Like the human circulatory system, ocean currents move heat, moisture and nutrients to where they need to be. If these patterns are interrupted, it could have severe consequences for all life on Earth. For example, climate change could cause parts of Northern Europe to go into a deep freeze as climbing global temperatures cause the Atlantic Meridional Overturning Circulation (which includes the Gulf Stream) to slow down, preventing warm currents from reaching Europe at the right times.

Fishers in Ghana
Fishers in Elmina, Ghana. Seyiram Kweku, Unsplash

About 3 billion people rely on fisheries and other marine species as their main source of protein.

Our damage to the ocean and its habitats could cause food and nutritional insecurity for all the people who rely on fish for their diets, as well as economic hardship for the more than 60 million people employed in fisheries worldwide. Marine protected areas are important tools to preserve fish stocks for future generations through restrictions on bottom-trawl fishing and deep water mining. One notable example is the one surrounding the South Atlantic island of Tristan da Cunha.

Buzz Aldrin
Astronaut Buzz Aldrin on the moon during the Apollo 11 mission. NASA, Unsplash

More people have been to the moon than the deepest parts of the sea.

Twelve people have been to the moon, but only three people have been to the Marianas Trench – the deepest point in the ocean, inaccessible due to its extreme pressure conditions. One of those three was film director and producer James Cameron.

Patagonia Andes
Monte Fitz Roy, a mountain in the Andes of southern Patagonia. Bruno De Regge, Unsplash

The world’s largest mountain range is (mostly) underwater.
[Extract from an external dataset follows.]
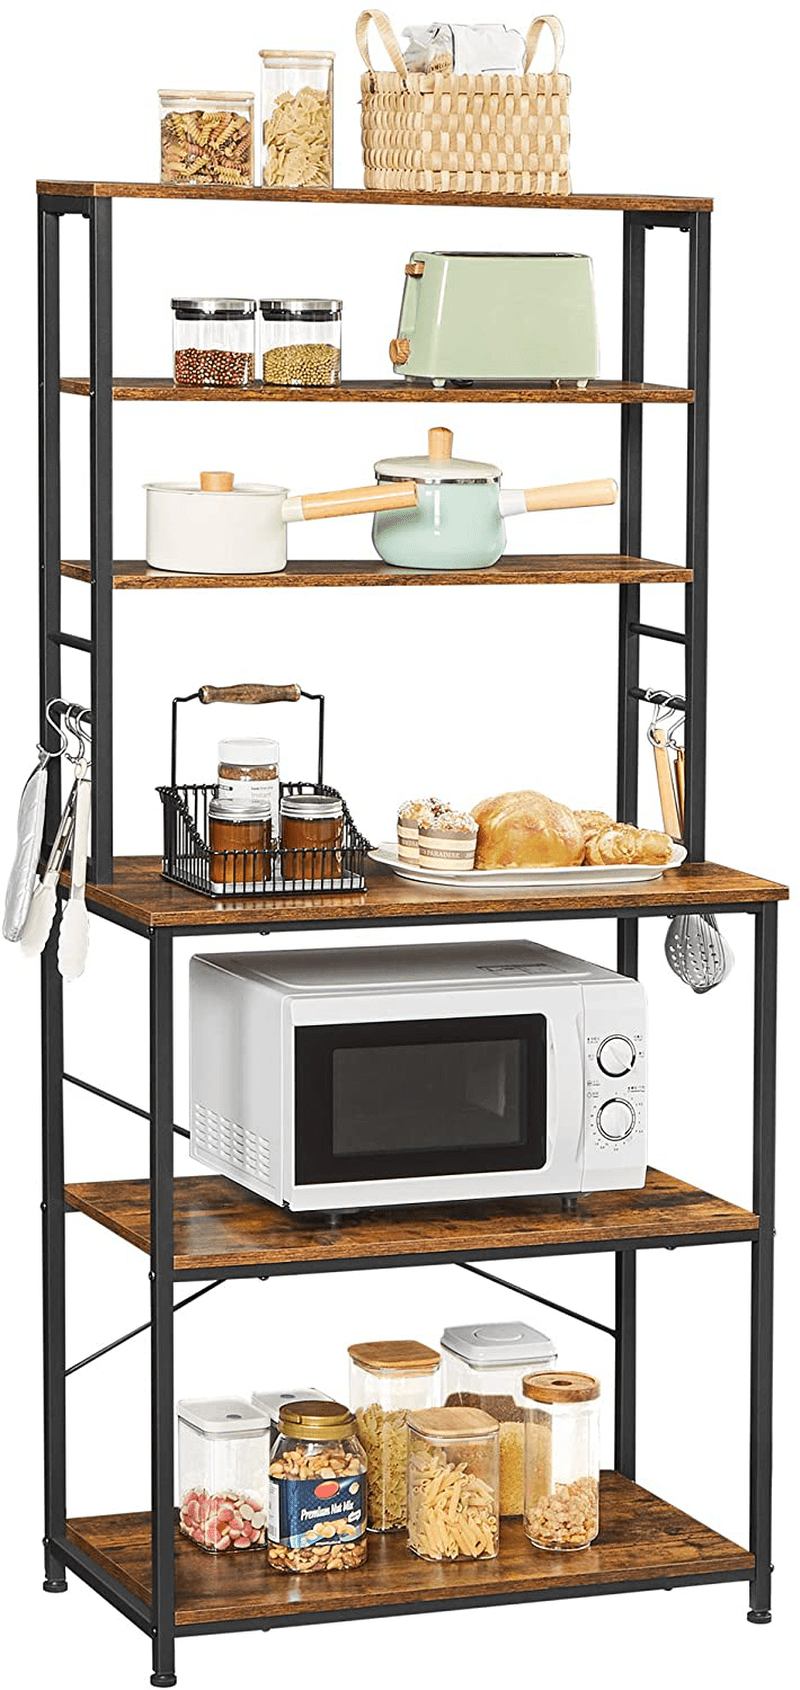 VASAGLE Baker'S Rack, Microwave Oven Stand, 6-Tier Kitchen Utility Storage Shelf, 6 Hooks and Metal Frame, Industrial, 31.5 X 15.7 X 65.7 Inches, Rustic Brown and Black UKKS019B01

The mid-oceanic ridge is 65,000 km long – almost eight times longer than the Andes. This monolith mountain chain is 90-percent submerged and passes between all of the world’s continents at an average water depth of 2,500 m.

Frozen fish
Photo: engin akyurt, Unsplash

Arctic fish could teach us to store and preserve food for longer.

The anti-freeze proteins that help fish live in extremely cold temperatures could be harnessed to prevent freezer burn or keep ice crystals from forming in ice cream. More funding for ocean research and conservation could uncover more ingenious applications for human development, but only if the oceans are managed sustainably to ensure that biodiversity doesn’t disappear before it’s even discovered.